### Work task
Beneath this instruction is a listing; print exactly the lines in it starting at the line that contains "Schläft mein Baby" and going through the line that contains "Packraft sur la".

*** Material for this exercise Section Begins ***

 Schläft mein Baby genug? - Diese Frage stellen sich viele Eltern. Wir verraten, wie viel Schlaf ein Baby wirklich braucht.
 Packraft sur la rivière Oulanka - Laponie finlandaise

*** Material for this exercise Section Ends ***
*** Material for this exercise Section Begins ***

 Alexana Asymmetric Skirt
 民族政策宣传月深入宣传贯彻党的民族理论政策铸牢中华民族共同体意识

*** Material for this exercise Section Ends ***

### Output for this exercise
 Schläft mein Baby genug? - Diese Frage stellen sich viele Eltern. Wir verraten, wie viel Schlaf ein Baby wirklich braucht.
 Packraft sur la rivière Oulanka - Laponie finlandaise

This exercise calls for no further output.